We all have close friends. We share memories with them. If you removed those memories from both people, you’re just strangers now. Memory is more than just the glue holding the relationship together - in some sense, it is the relationship.
You have memories too. They’re encoded (as far as you can tell) in very difficult to modify organic hardware. That encoding lets you believe in those memories - it’s highly unlikely that you just popped into existence a second ago, fully formed, with the memories of a full life. Or that someone edited your memories in some harmful but undetectable way. Erase those memories completely, and you’re not you anymore. Memory doesn’t just hold you together, it IS you, in some sense.
Intelligence is a mixture of two things: some kind of processing/prediction engine (a thing that “thinks”) and some kind of curation mechanism that aims that engine at certain information, somehow. Cognition, and memory.
Memory is what helps you introspect about yourself - remembering that you’ve tried something in the past and it worked, or didn’t, and to make modifications. It’s what helps you navigate complex tasks (though, often, we need memory aids - notes - to keep it all straight).
LLMs don’t really have memory. Once trained, the model is static - unlike a human, it doesn’t really learn from new experiences. It has a set of “things to pay attention to” passed to it, in the form of a prompt, and an engine that does the cognition, solely on that information.
This means that, when building for an LLM, the burden is entirely on the developer to construct the right set of information in each prompt, so that the “thinking engine” can do its job. In some sense, that engine is utterly helpless - it can’t really examine the world, ask for help, or otherwise manipulate what is given to it. It just processes and predicts.
I realize I’ve written about this before, and I apologize if this is redundant. But the more I stare at parts of this problem, the more I can’t let go of this aspect. When we talk about recipes, we are talking about using code to supplement this memory gap, usually as it applies to metacognition and self-management. RAG and other techniques are about building the memories themselves, and they’re surprisingly hard to do well. Much of prompt engineering is really a way for the human to spend time building memory structures for the helpless model.
I don’t think we understand the general solution to this yet. I’ve seen enough twists and turns to think we still have work to do. Large token contexts, and test-time compute help to a degree, but much of what is still fragile in LLMs seems to boil down to this problem, particularly for large and complex tasks. I do think we can solve this in narrow domains (vertical apps), which is where some of my energy is going these days. And I hope that the narrow tasks will continue to educate us on the broader one.
Complicating all of this is that there’s not really a great metric for this. We can talk about precision vs recall, sure, but the problem is that you are measuring things like “did the 12th step of the 37-step process have the right info to not go off the rails later on?” which is hard to define rigorously.
I’d love to hear from folks who think they have a better grip on a more general solution to this. For a while vector and graph databases looked promising, but that doesn’t seem to work as well as hoped. Large contexts can help in some places. I still find it interesting that tasks that should be achievable, like rewriting a well-known large program or tool in a new well-known language are out of reach, even with models that clearly are competent at all of the individual pieces.
Neurology demonstrates the dependence memory (and ideation in general, BTW) has on emotional centers. No emotion, no memory - efficient filtering.
So what's emotion? Ultimately it rests on pleasure/pain and fight/flight. I discerns what's good or bad for the organism and directs it to success in a thermodynamic field. Or something like that.
My point is, memory is a fundamental part of mind, in service to the organism's success. And success is ultimately how you FEEL - in your body. No body, no mind. LLMs are pretty far from that.
As a coda, human memory is notoriously weak on the details. We remember the feeling mostly. So… feeling to filter and feeling to recall. Not sure what your plan is there.
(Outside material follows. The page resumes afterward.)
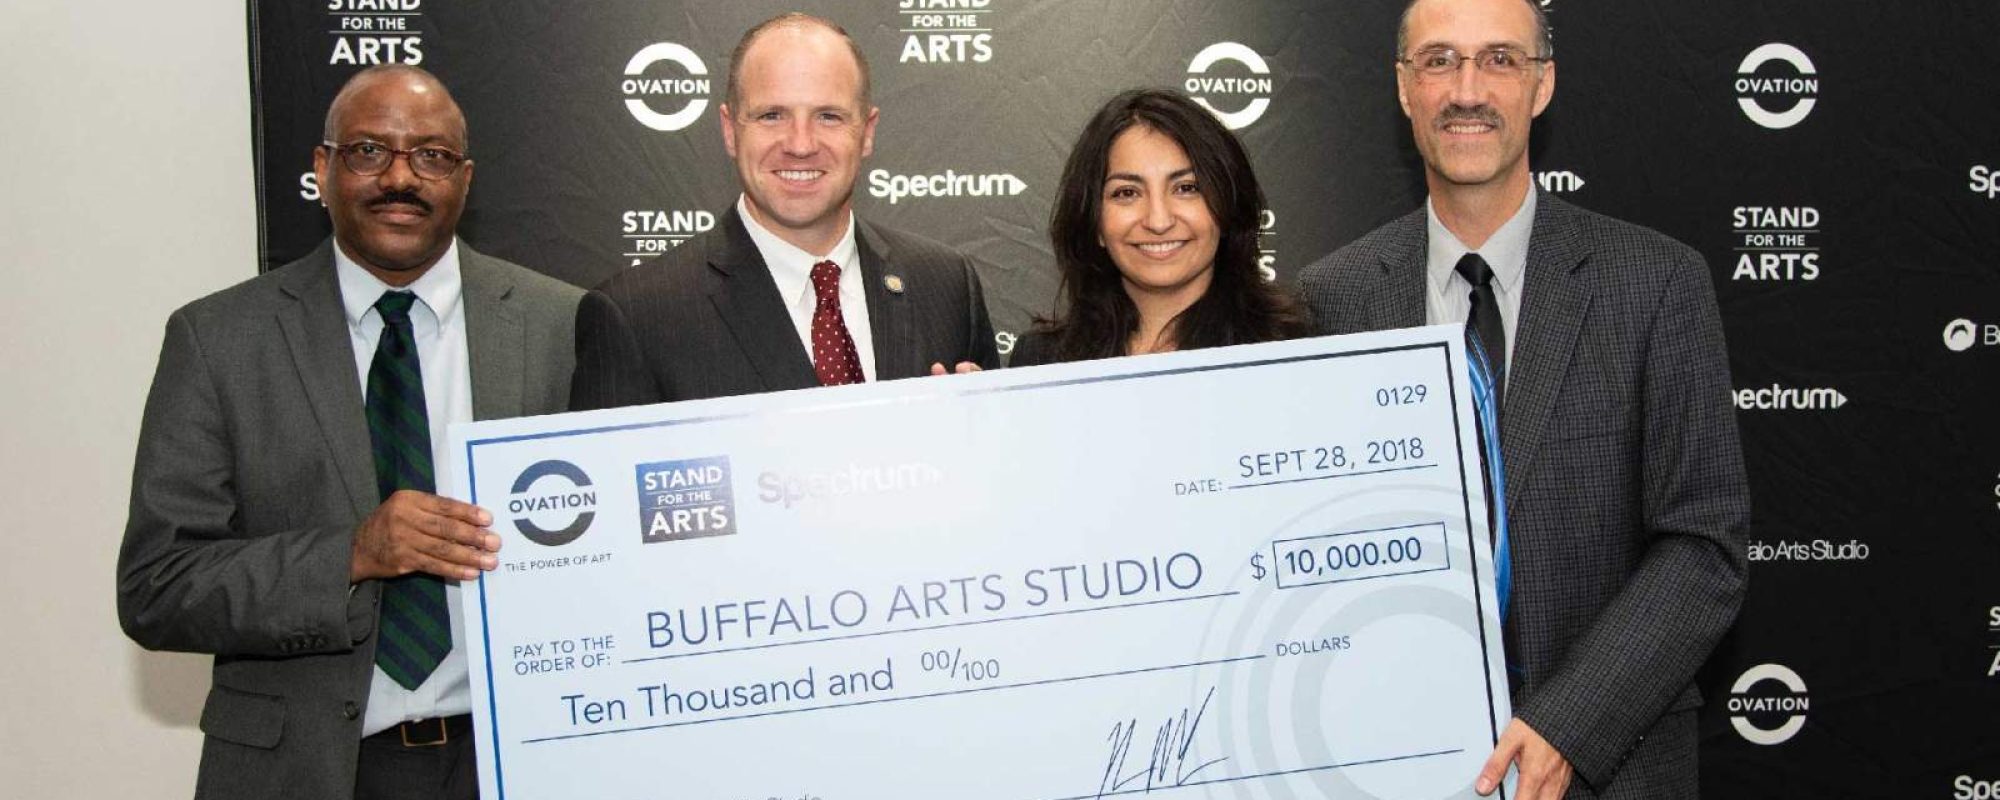 OVATION AND SPECTRUM ANNOUNCE BUFFALO ARTS STUDIO  AS STAND FOR THE ARTS AWARD RECIPIENT

Like our non-episodic memories, LLMs compress the information. Training with added information updates the network, just as our memories do. We also have relatively poor episodic memory that AFAIK, episodes are not encoded in LLMs, but could be.
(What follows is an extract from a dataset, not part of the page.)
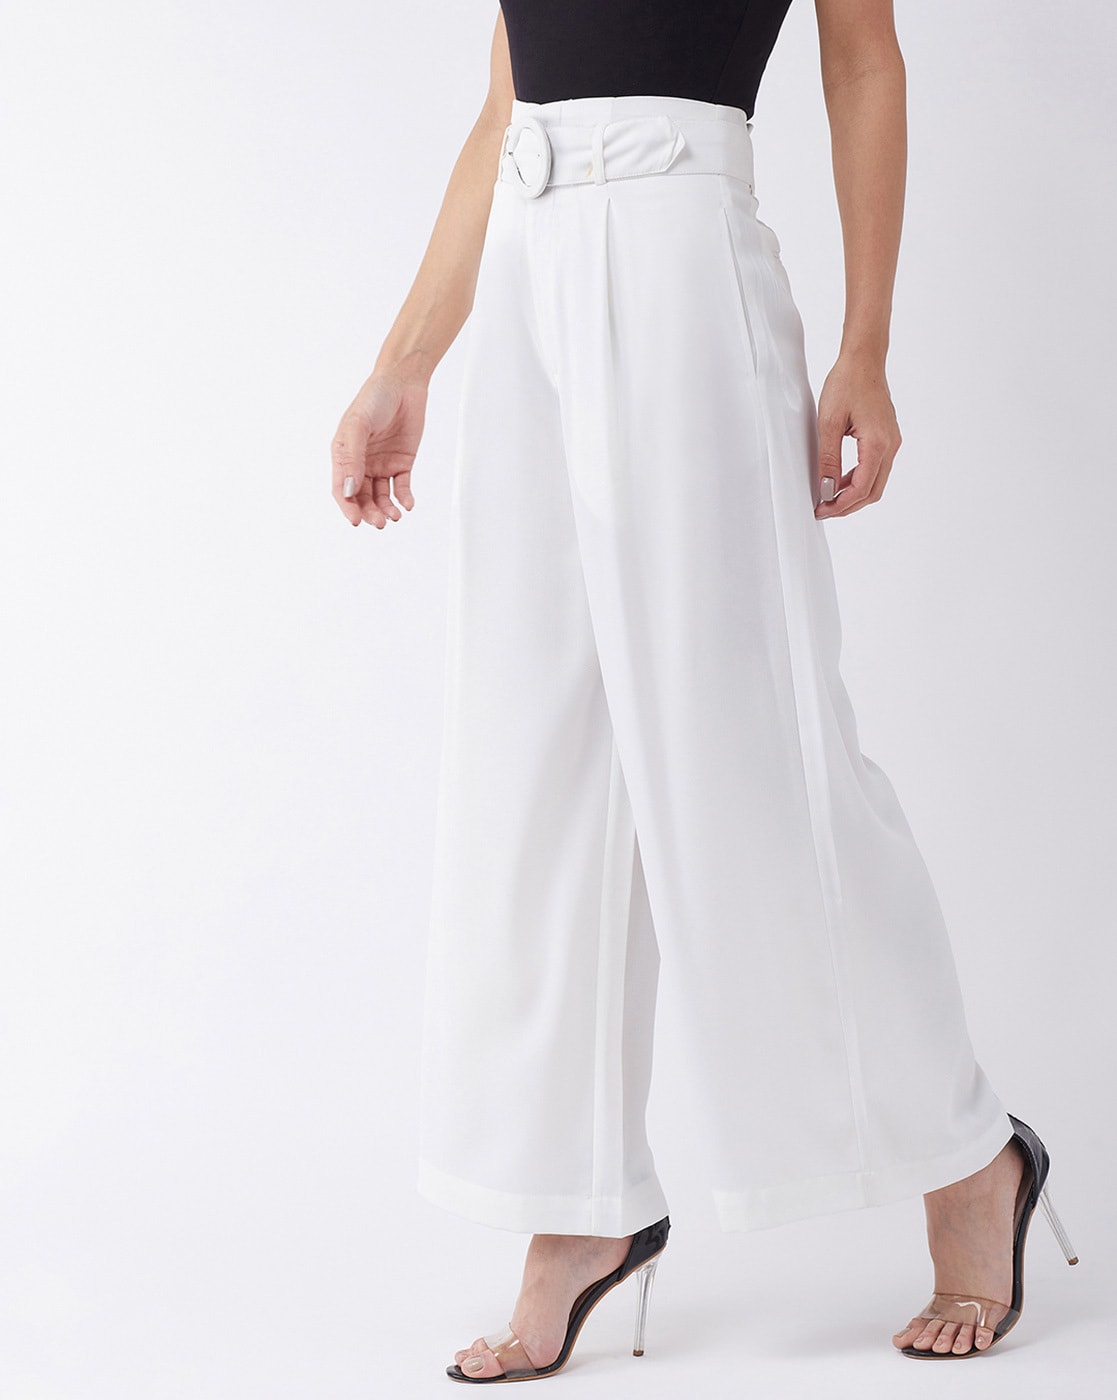 Amalie The Label - Charo High Waisted Wide Leg Pants in Warm White | Showpo  USA

Now suppose we introduce a feedback loop in the LLM that provides predictions, that are tested against external inputs, and outputs are adjusted based on prediction error size.
An LLM should be receiving constant inputs, updating its memory, and responding to inputs whether environmental or from conversations.
When thinking, specifically reasoning rather than recalling, is this feedback a way to get to a consistent answer? [I have in my mind a convergence that we see in sparse distributed memory]
This will only be possible when the LLM can handle inputs as fast as human brains, which implies any memory formation must be rapid.